• **TO DO**
Go through the data below and copy it exactly, skipping every picture.

• **SUPPLIED MATERIAL**
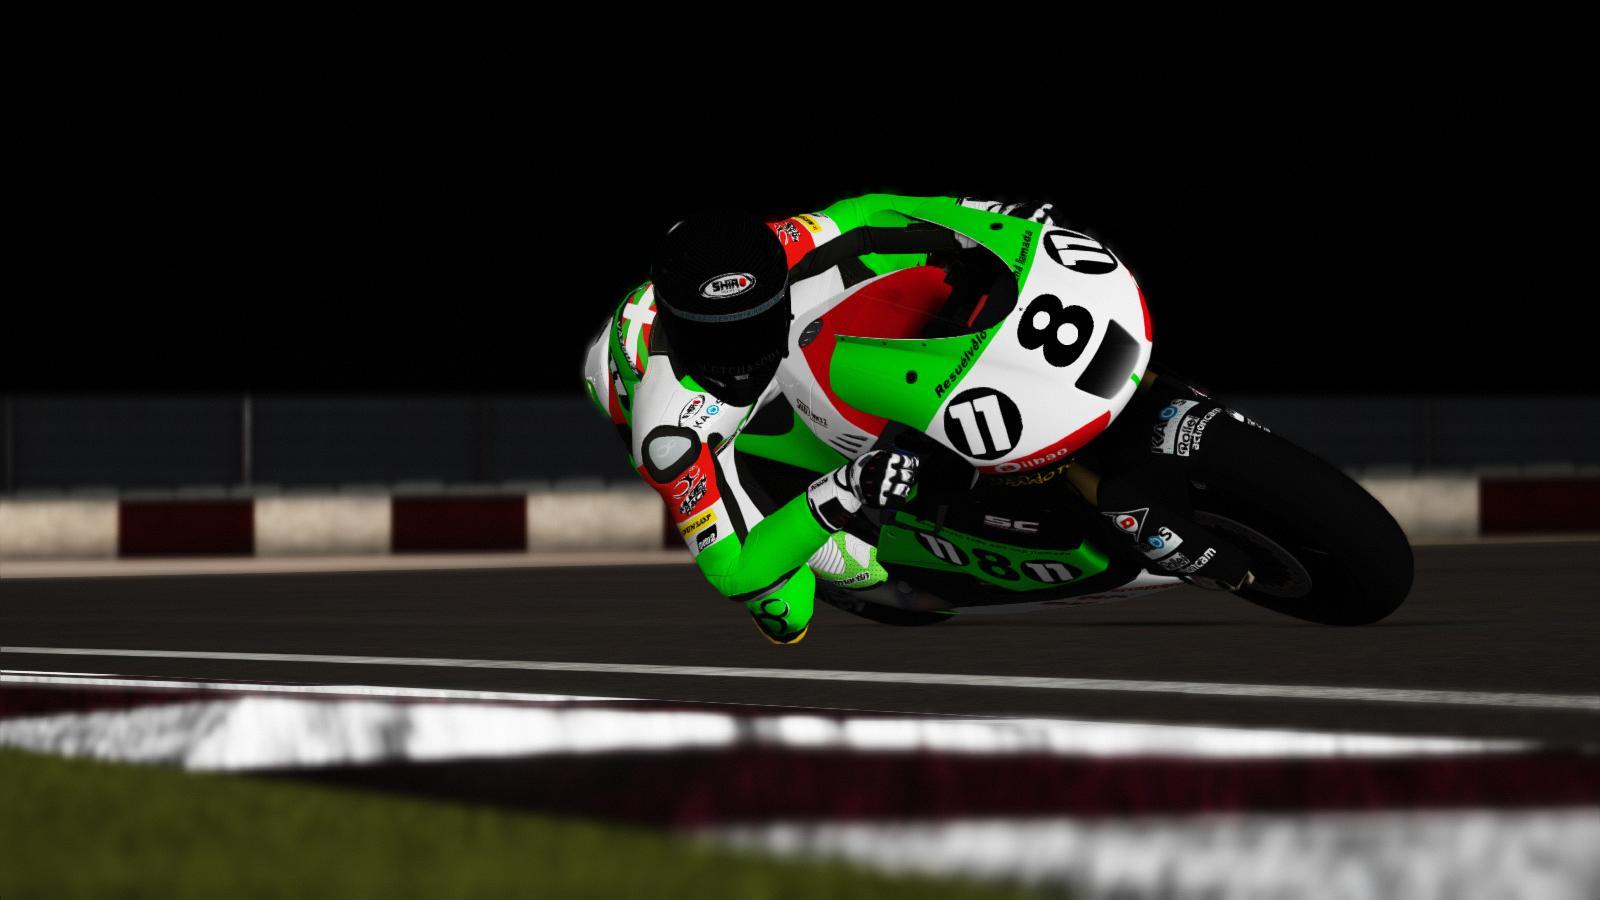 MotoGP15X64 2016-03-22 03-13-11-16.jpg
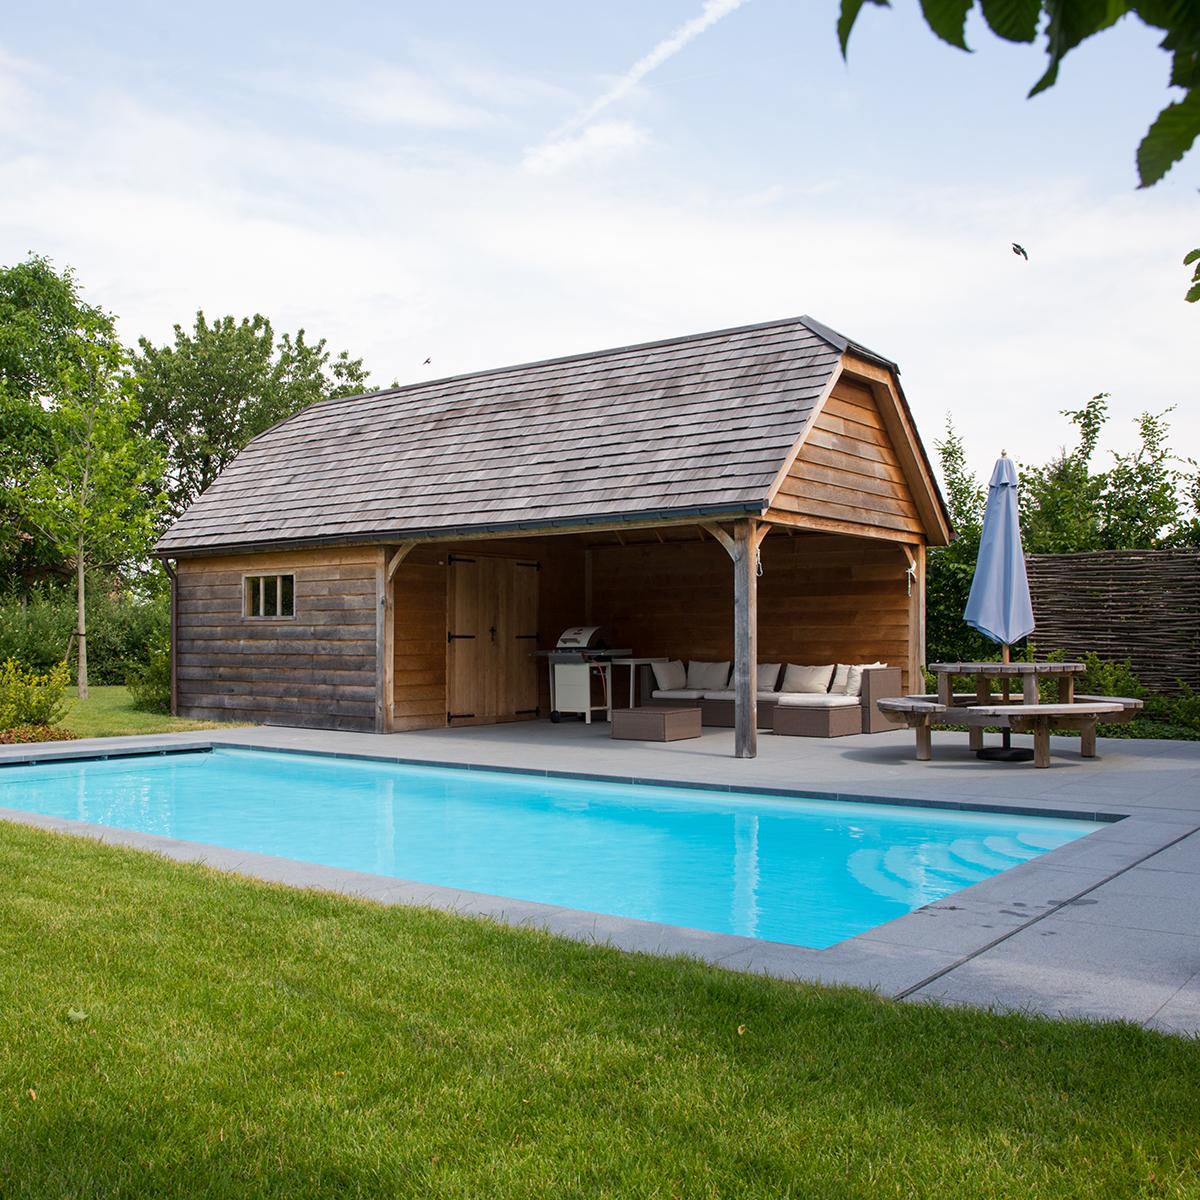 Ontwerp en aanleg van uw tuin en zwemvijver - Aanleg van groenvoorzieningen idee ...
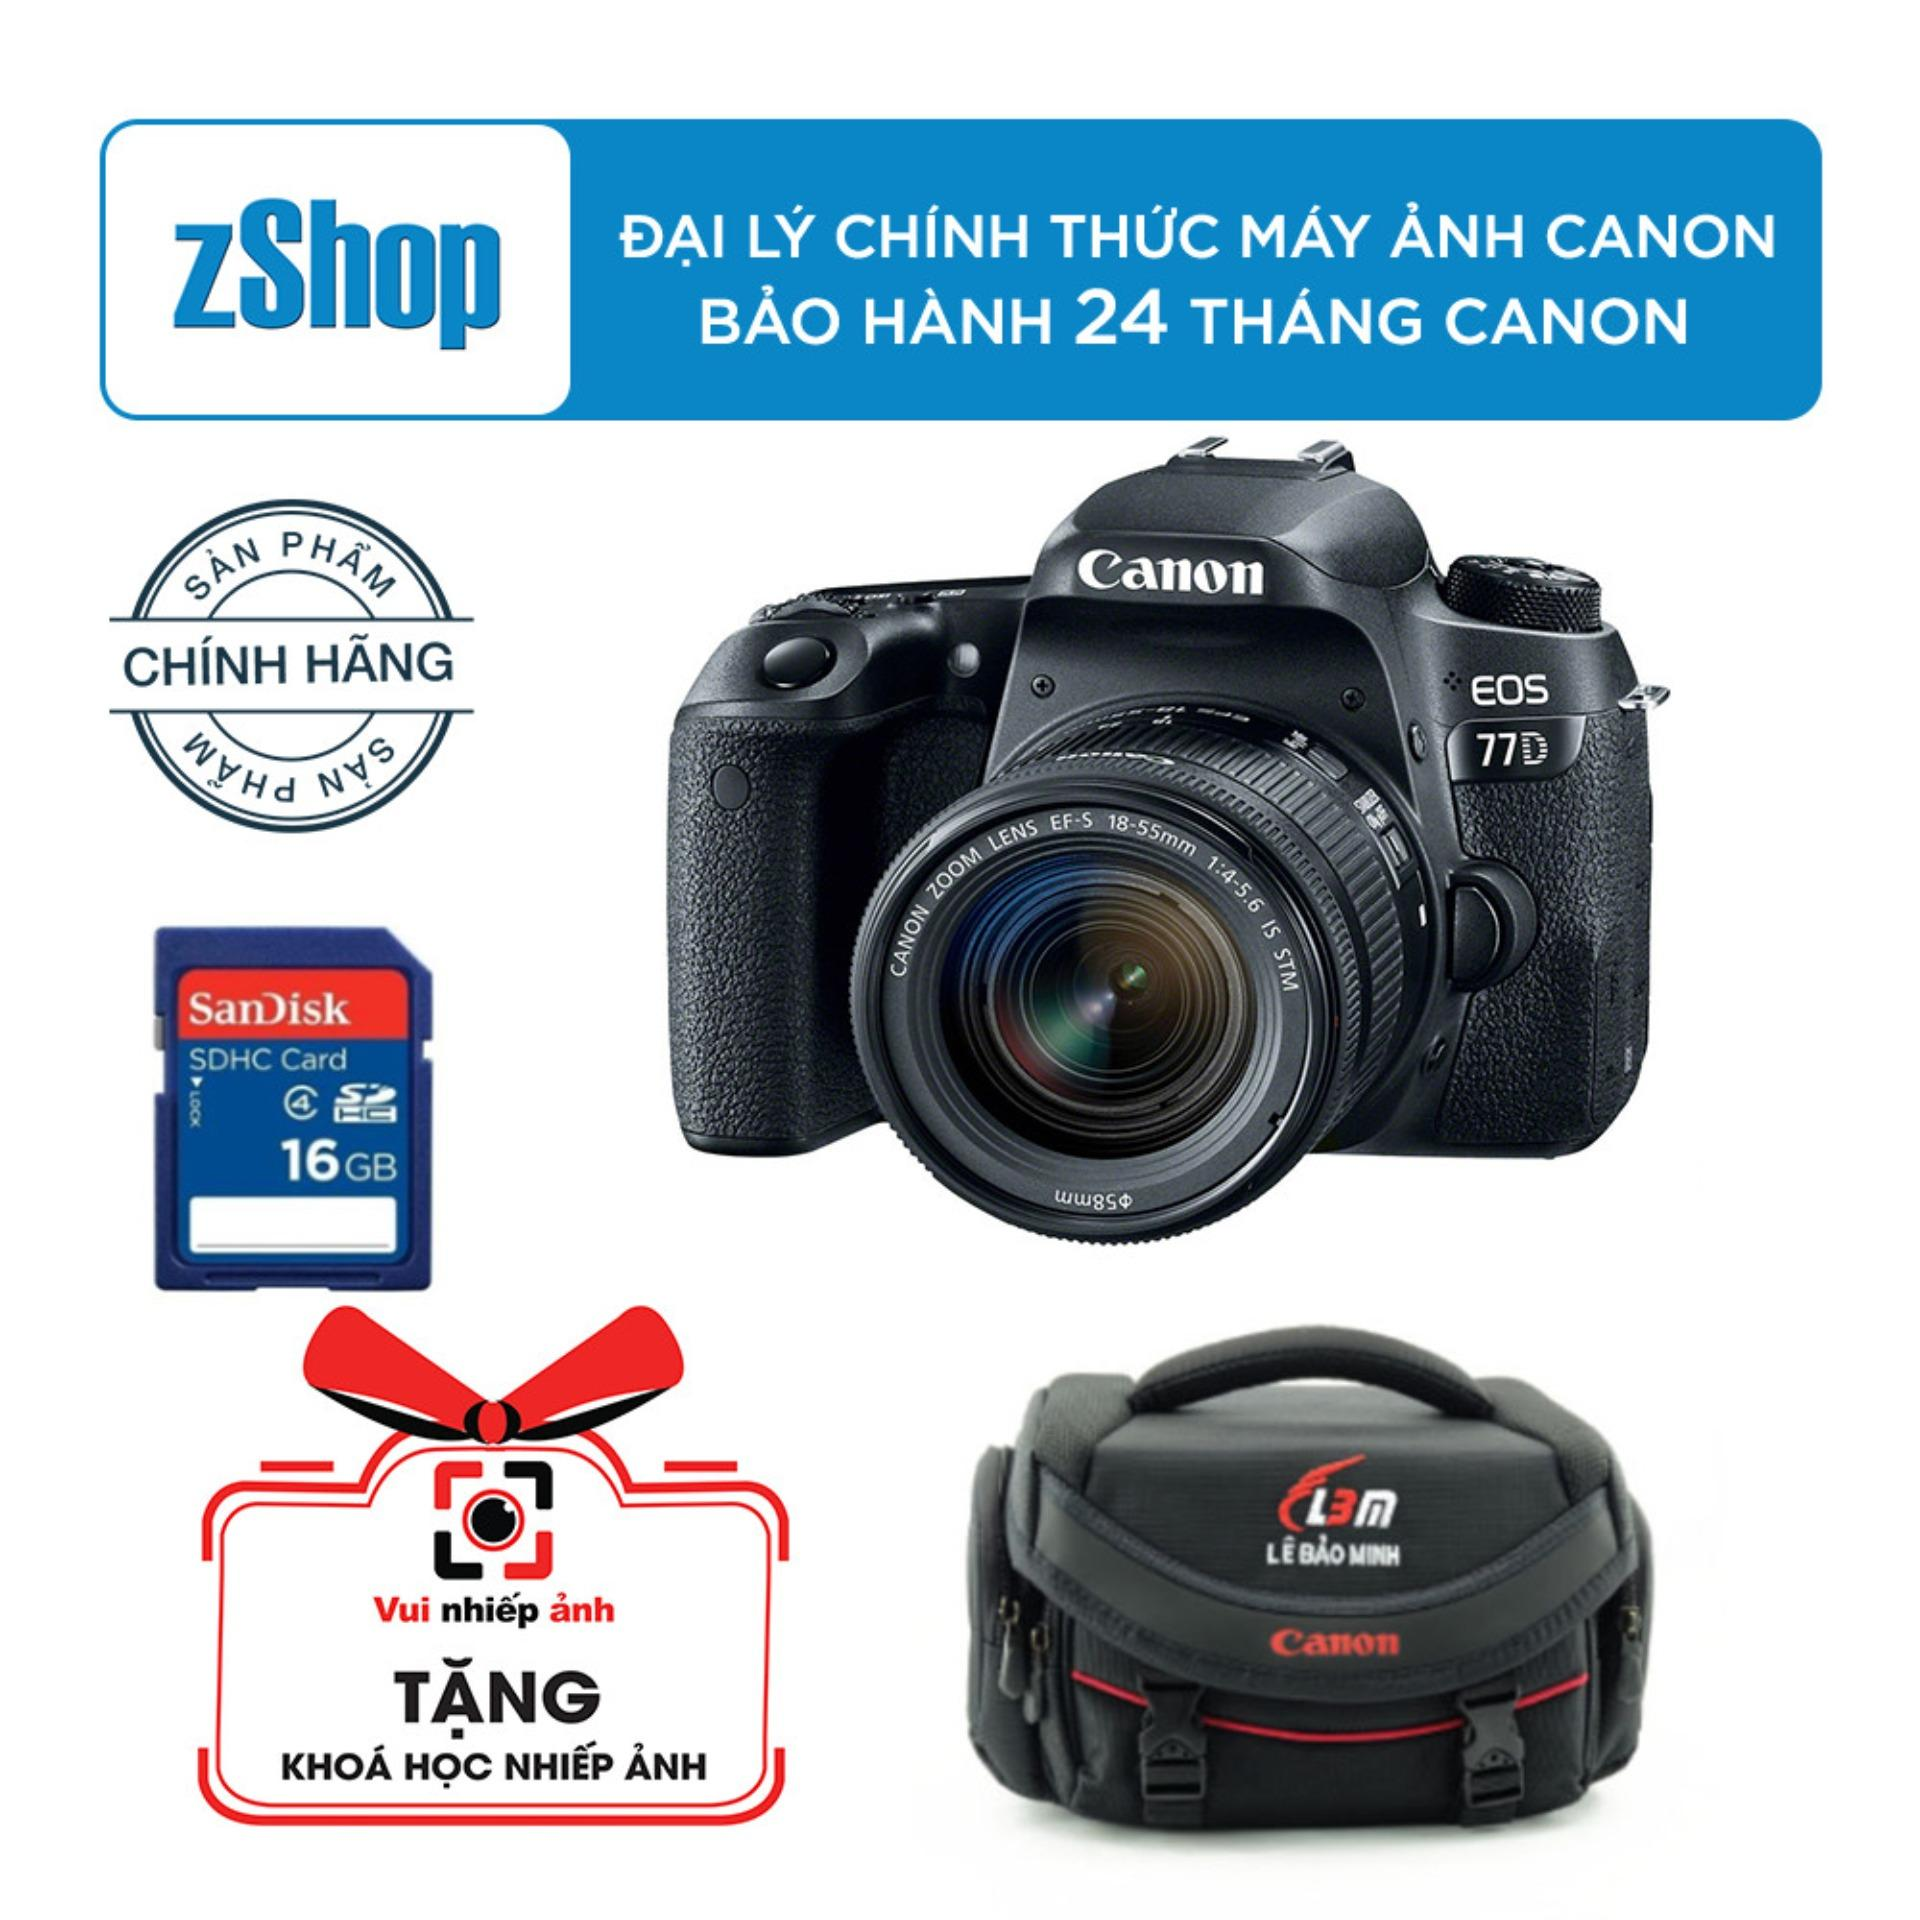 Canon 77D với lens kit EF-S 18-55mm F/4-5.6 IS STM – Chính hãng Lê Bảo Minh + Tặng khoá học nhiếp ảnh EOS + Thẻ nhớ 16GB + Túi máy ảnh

• **ANSWER FOR THE TASK**
 MotoGP15X64 2016-03-22 03-13-11-16.jpg
 Ontwerp en aanleg van uw tuin en zwemvijver - Aanleg van groenvoorzieningen idee ...
 Canon 77D với lens kit EF-S 18-55mm F/4-5.6 IS STM – Chính hãng Lê Bảo Minh + Tặng khoá học nhiếp ảnh EOS + Thẻ nhớ 16GB + Túi máy ảnh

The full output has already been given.